Dataset extract:
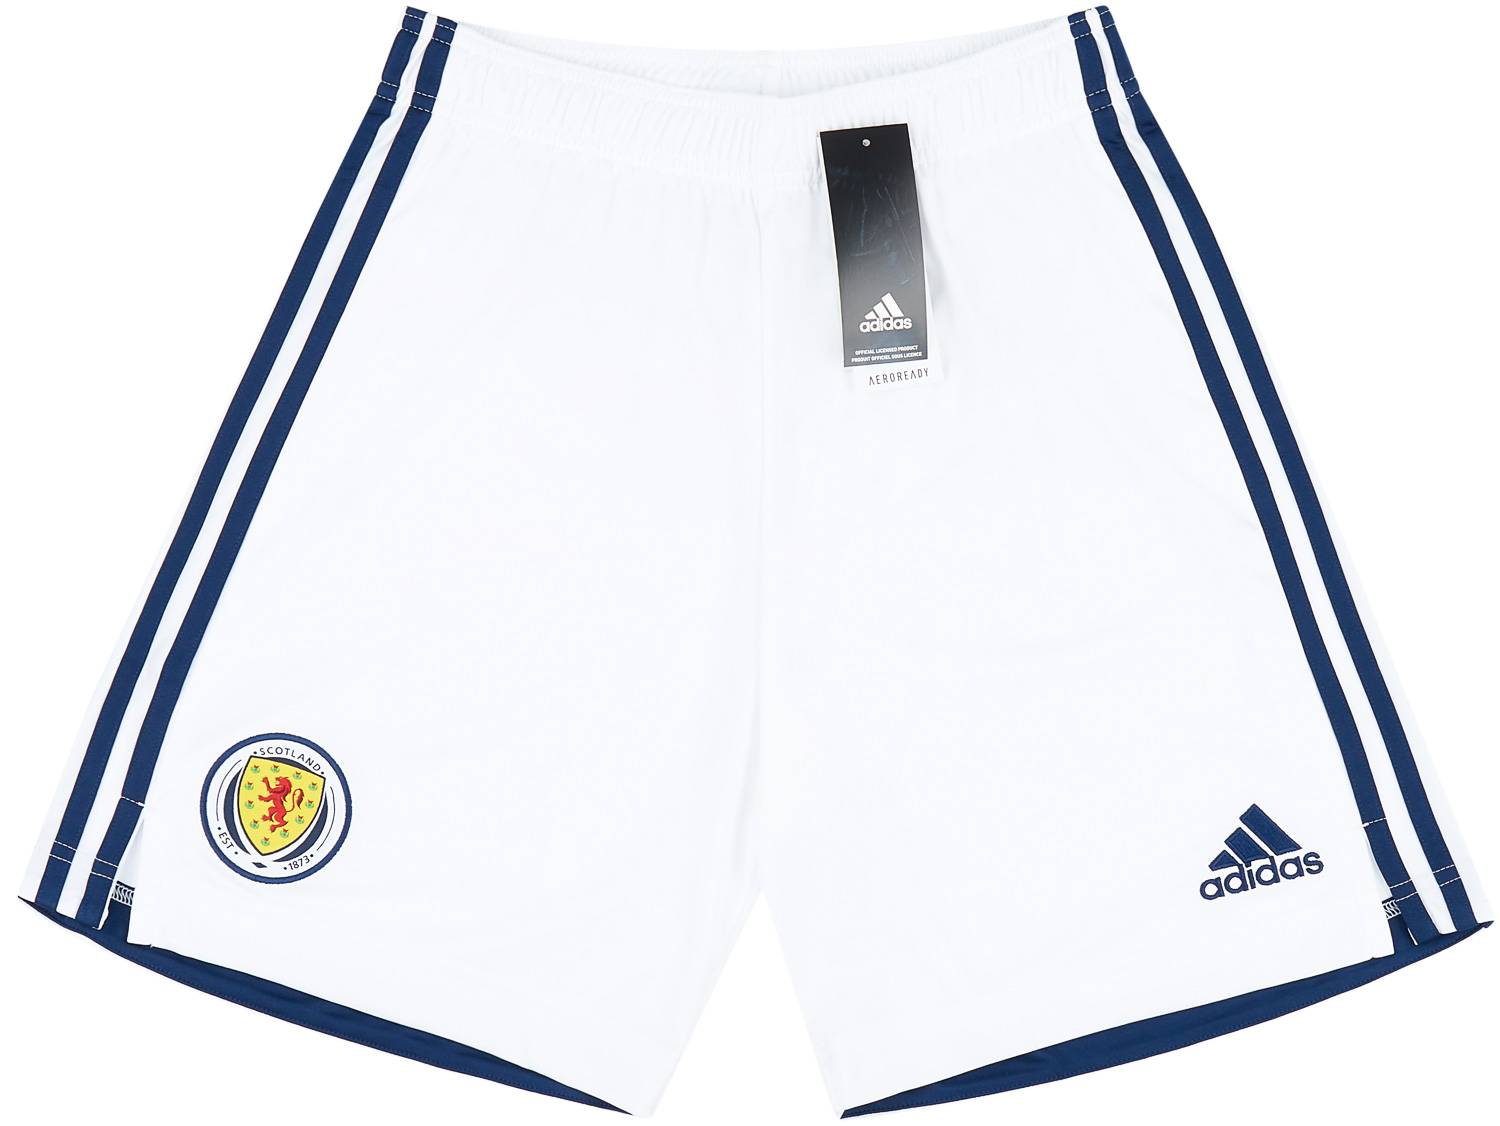 2020-21 Scotland Player Issue Away Shorts - 9/10 - (M)
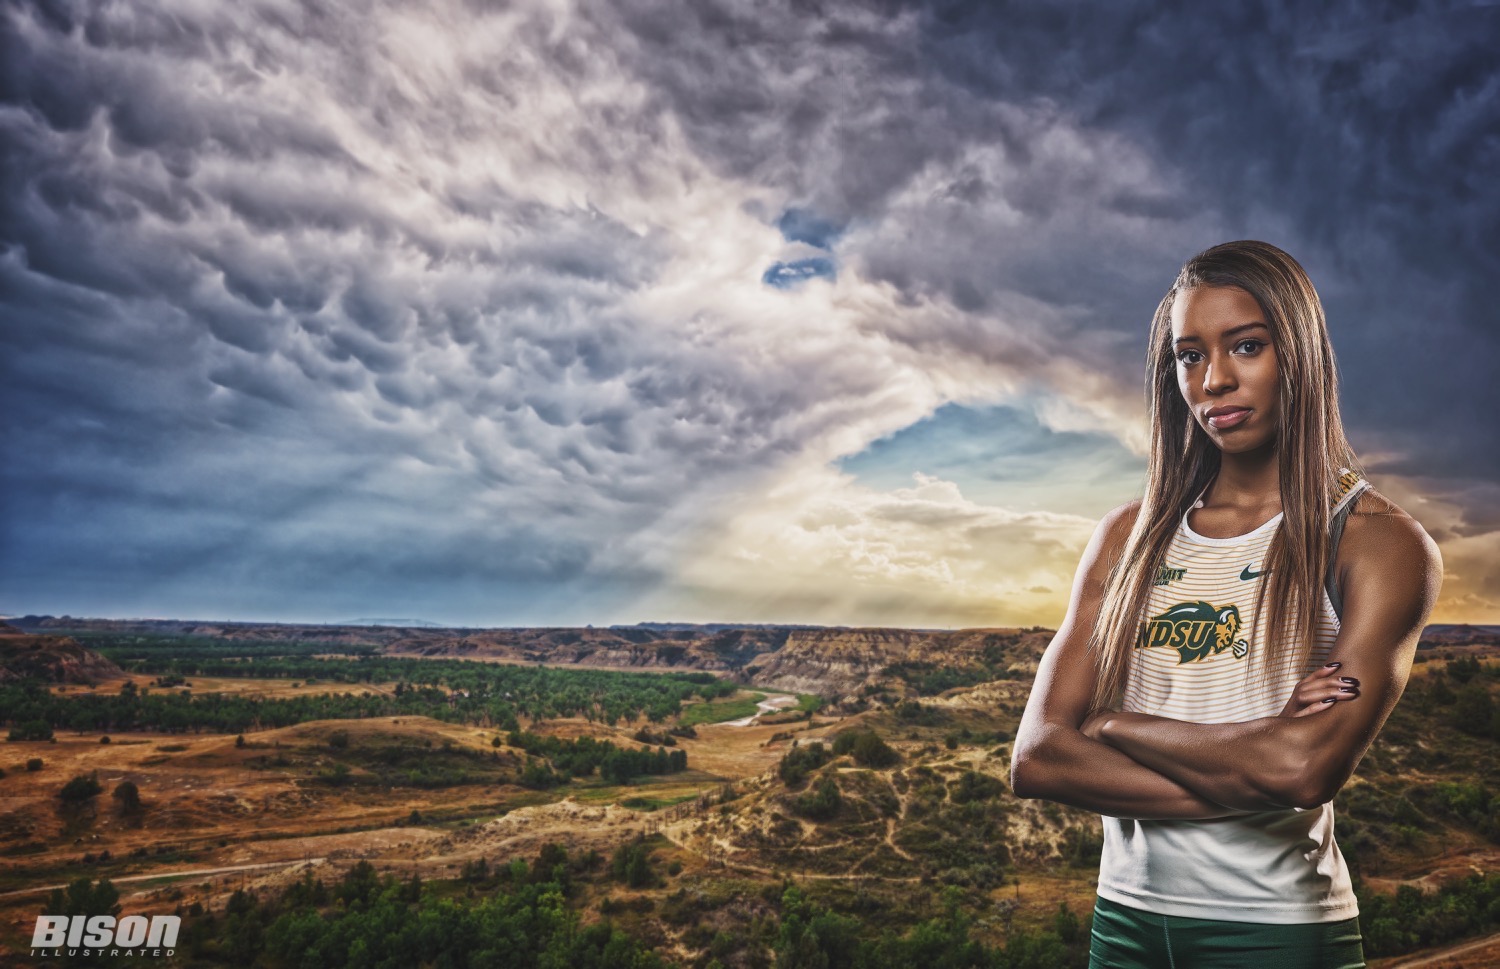 Alexis Woods NDSU track and field
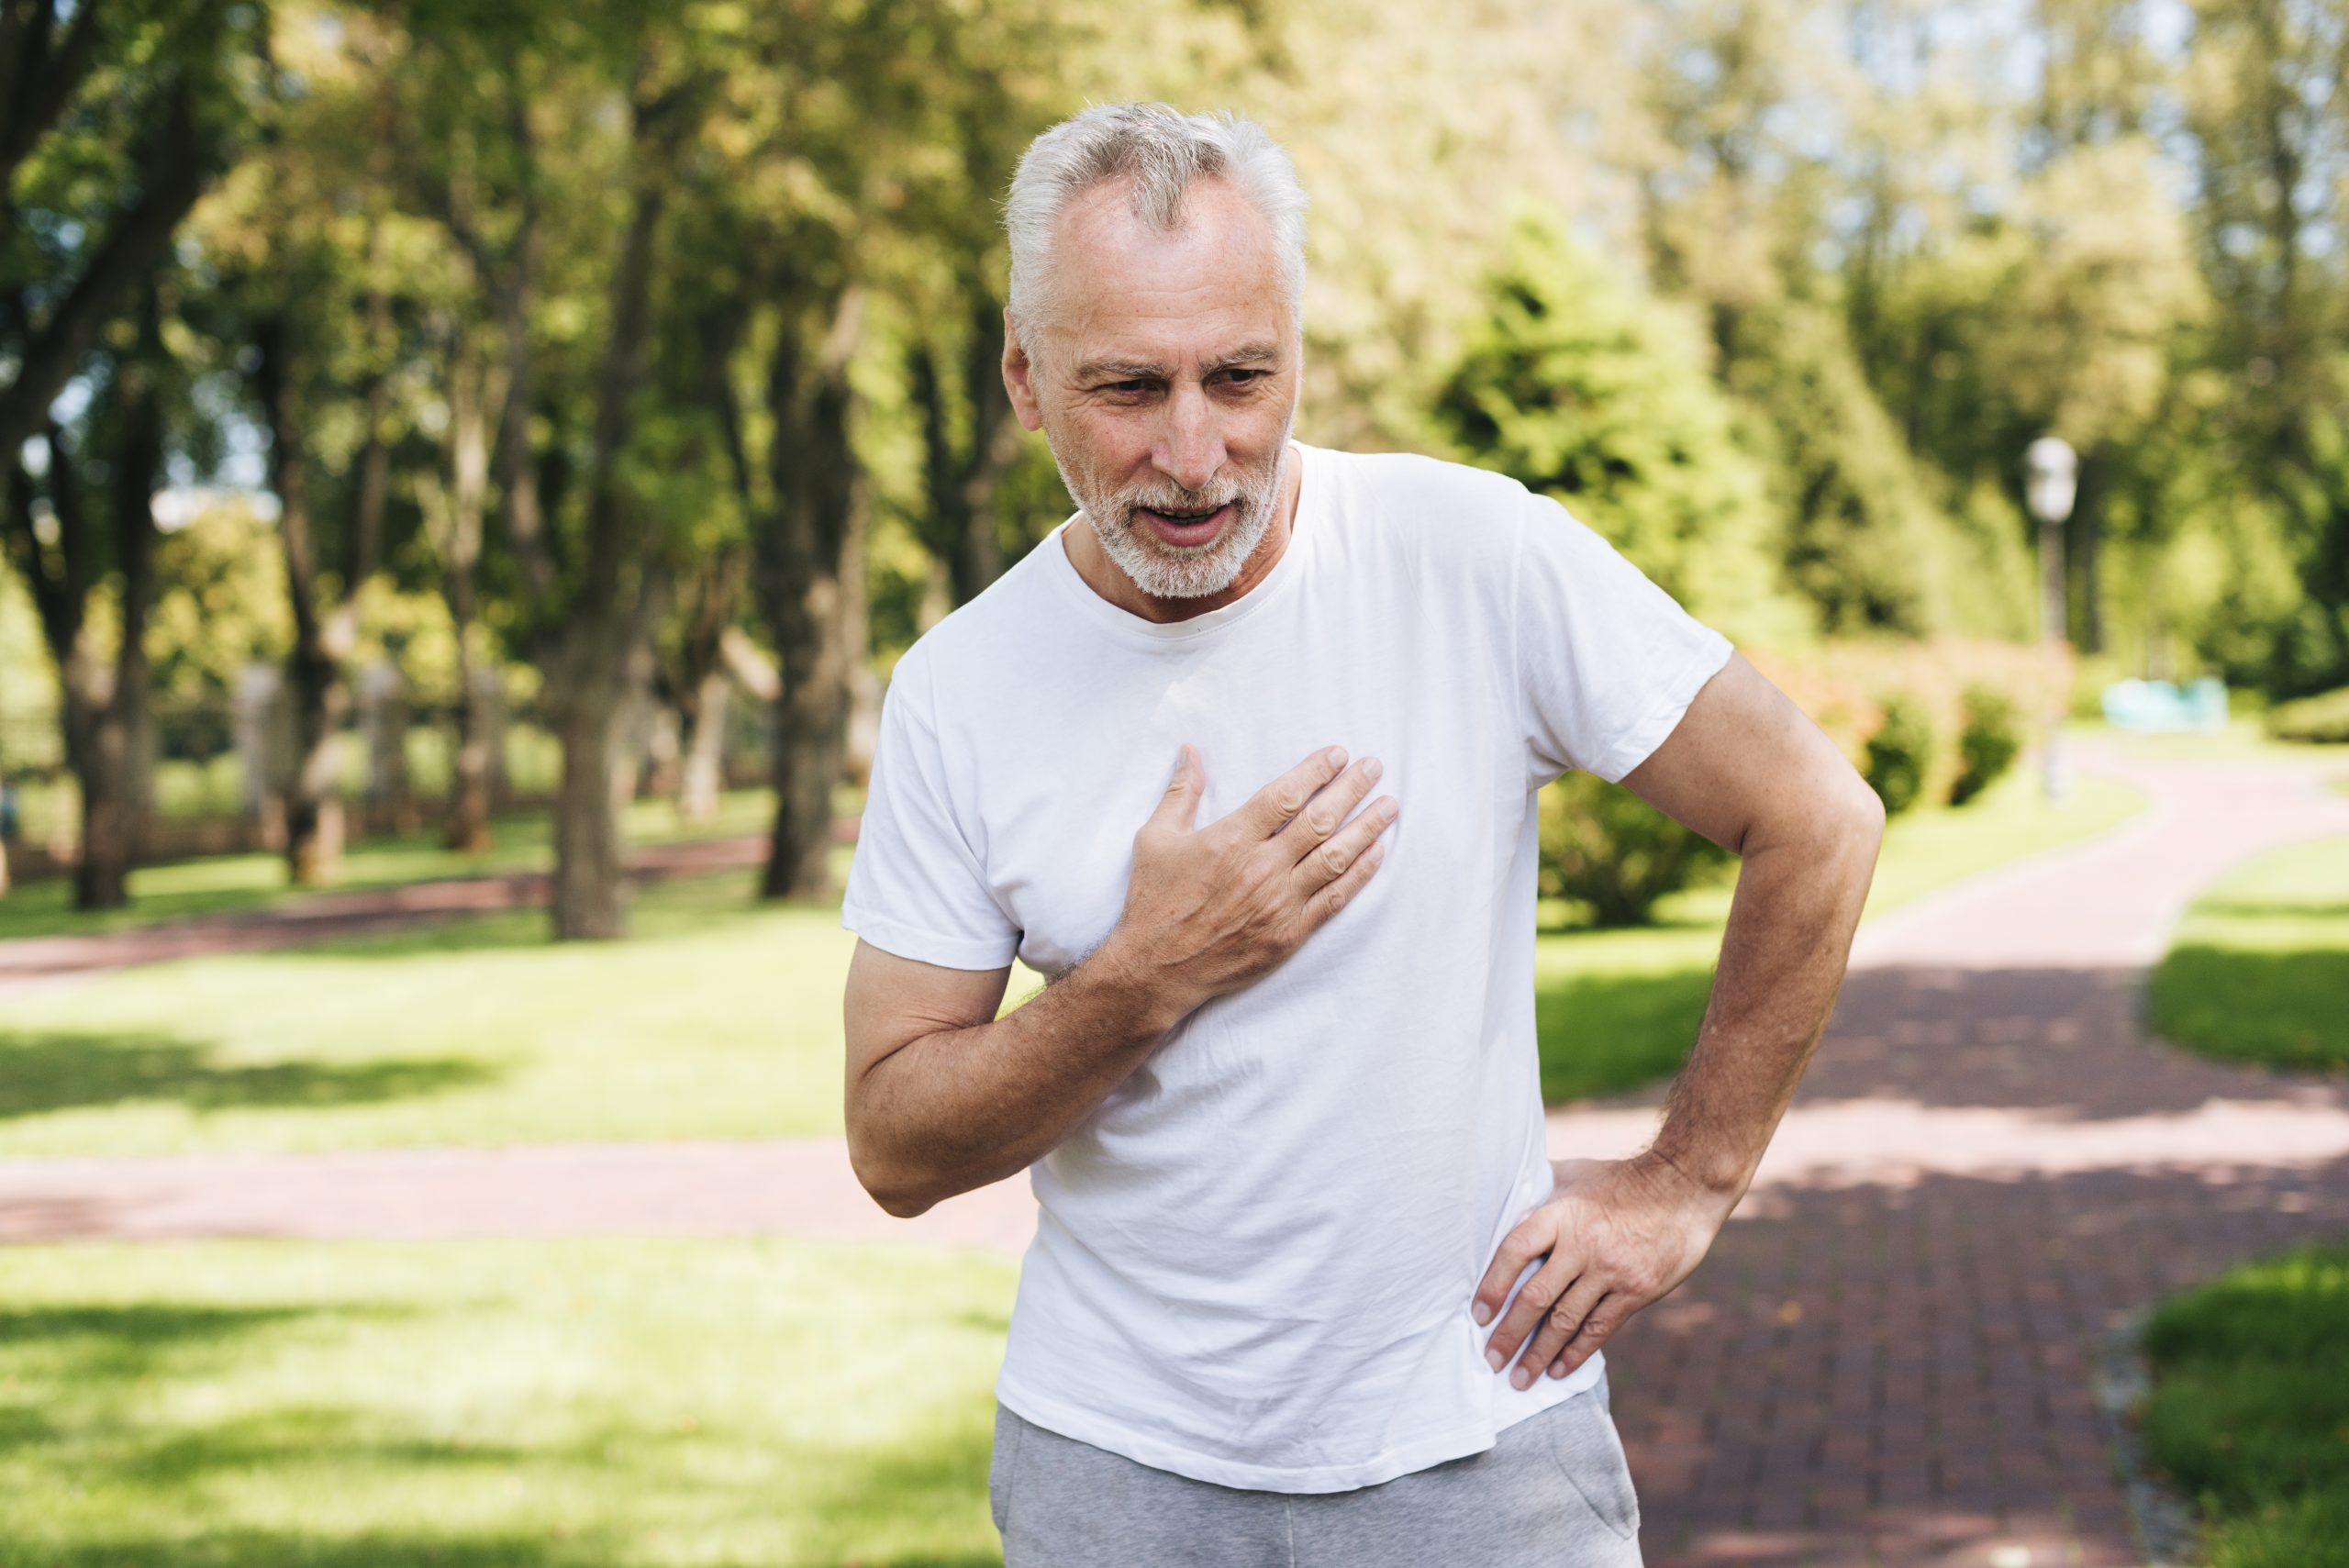 Which physical activity to choose to look after your heart? Find out how a cardiologist exercises
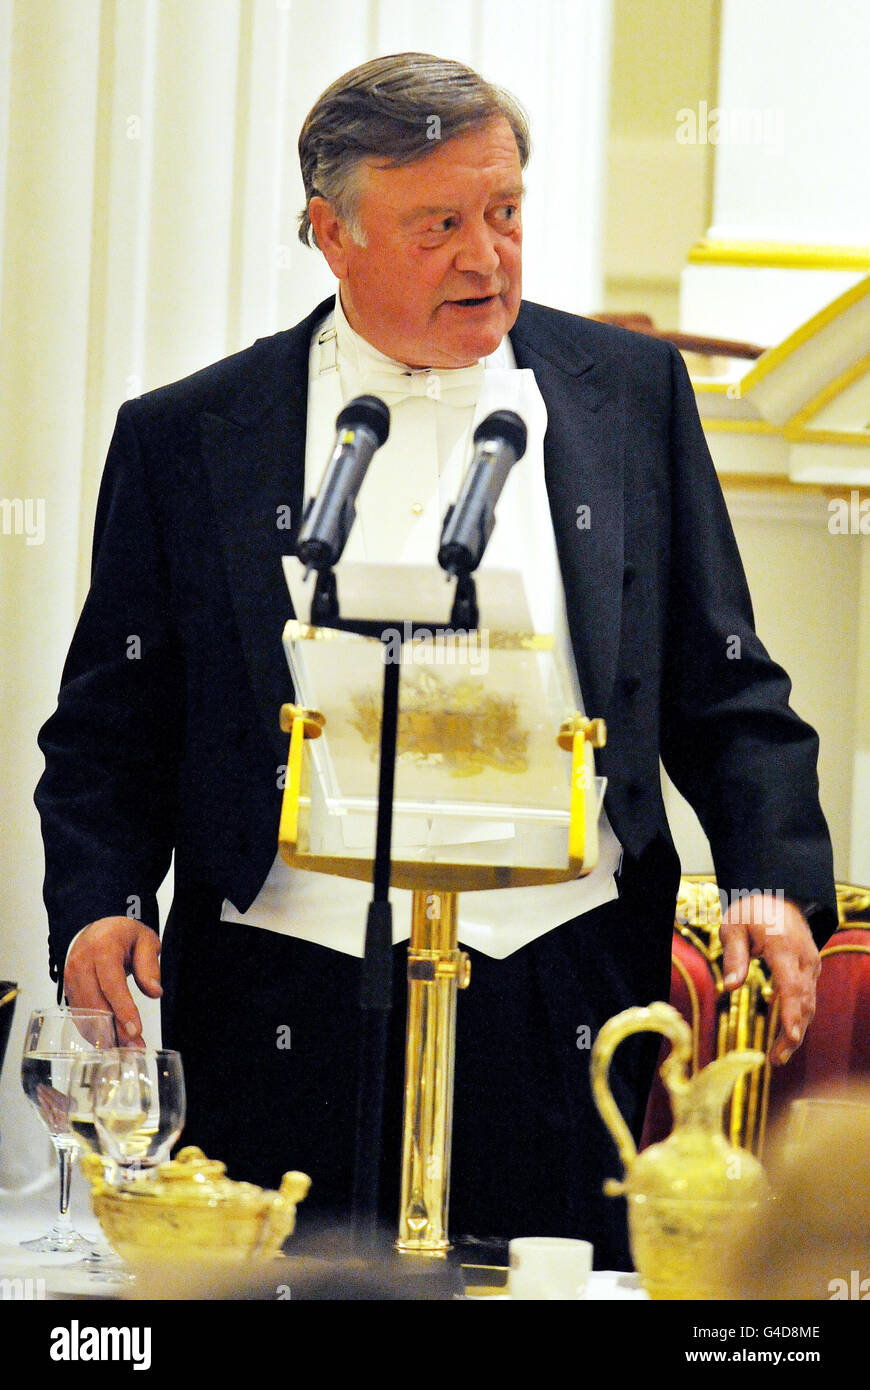 The Lord Chancellor and Secretary of State for Justice Kenneth Clarke delivers his after dinner address at the Mansion House in the City of London after the Lord Mayor of London Judges dinner. Stock Photo

What the exercise asks: From the first line to the last, write out the data above exactly. Omit the pictures.

Exercise solution:
 2020-21 Scotland Player Issue Away Shorts - 9/10 - (M)
 Alexis Woods NDSU track and field
 Which physical activity to choose to look after your heart? Find out how a cardiologist exercises
 The Lord Chancellor and Secretary of State for Justice Kenneth Clarke delivers his after dinner address at the Mansion House in the City of London after the Lord Mayor of London Judges dinner. Stock Photo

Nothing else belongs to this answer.